On October 24th, 2014

Remembering a State Worker Killed by Mental Health Patient Safety Concerns At State Hospitals Still Being Addressed

New_Picture_(27)On Thursday, October 23, 2014,  employees at Napa State Hospital were joined by others in remembering the life and death of Napa State Hospital Psychiatric Technician  Donna Gross.  Gross was killed by a patient four years ago.  Her death highlighted the extreme need for increased safety measures at state mental hospitals.

"Donna Gross went to work on October 23, 2010, performed  her duties as a psych tech at a hospital where more than 90 percent of the patient population is now made up of violent criminals, and so very sadly, she never returned home," said California Statewide Law Enforcement Association (CSLEA) President Alan Barcelona.    "CSLEA has pushed and will continue to push for safer measures at California's mental hospitals because our members who are hospital police officers,  work inside these state mental hospitals which are now, based on the patient population, more like prisons."

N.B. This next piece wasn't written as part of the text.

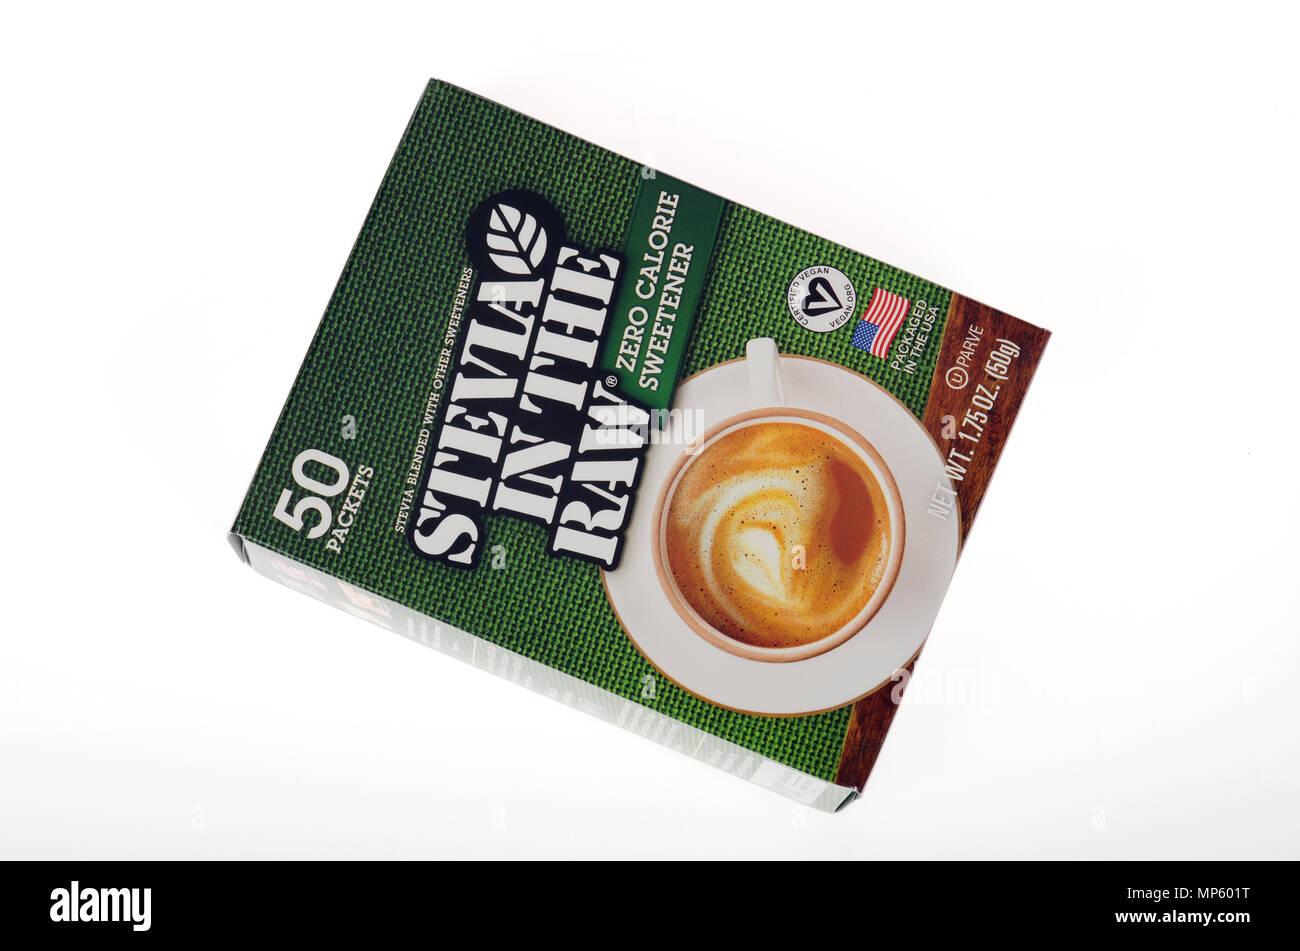 Caja de stevia en la materia edulcorante natural alternativo con azúcar cero calorías Imagen De Stock

Gross, 54, of Concord was strangled by patient Jess Massey, who is serving a 25 years-to-life prison sentence for the crime.  Her death shined a light on the increasingly violent people who are criminally committed to state mental hospitals by the courts. 

CSLEA, together with other labor associations whose members work at state hospitals, was successful in pressing state lawmakers for change.   On September 28, 2014, Governor Jerry Brown signed four Assembly Bills aimed at increasing safety in California's five state hospitals.  The following four bills become law January 1, 2015:

Assembly Bill 1340 - (Asemblymember Katcho Achadjian) will create enhanced treatment programs to house and assist those state hospital patients who exhibit highly  aggressive and dangerous behaviors.  The residences established at Atascadero, Coalinga, Napa and Patton State Hospitals will include intensive staffing, programs and treatments to help this high-risk population and will include upholding patients' rights through hearing and ombudsman processes.

Assembly Bill 1960 -  (Assemblymember Henry Perea)  will allow state hospital law enforcement and licensed mental health personnel to access and review the criminal history of patients, allowing mental health professionals to better gear programs and services toward a patient's behavioral need.

Assembly Bill 2186 - (Assemblymember Bonnie Lowenthal) will allow medication orders to follow state hospital patients wherever they go, creating more consistent care when patients are transferred.

Assembly Bill 2625 -  (Assemblymember Katcho Achadjian) requires that, if the California Department of State Hospitals determines a patient referred to a state hospital is unlikely to regain sanity, reports must be submitted back to the courts and the courts are charged with swiftly finding appropriate mental health care and settings for that individual.

Despite the efforts and changes made by the Department of State Hospitals and the Legislature over the last four years, the work is not done.  Currently, the Department of State Hospitals is experiencing a very difficult time in recruiting and retaining qualified Hospital Police Officers.  This is in large part due to the inability to offer potential recruits a competitive law enforcement salary.  Department of State Hospitals is at an extreme disadvantage as it is forced to compete with neighboring city, county, and state police agencies (most which can offer salaries 40-70% greater than that of a Hospital Police Officer) for potential police candidates. 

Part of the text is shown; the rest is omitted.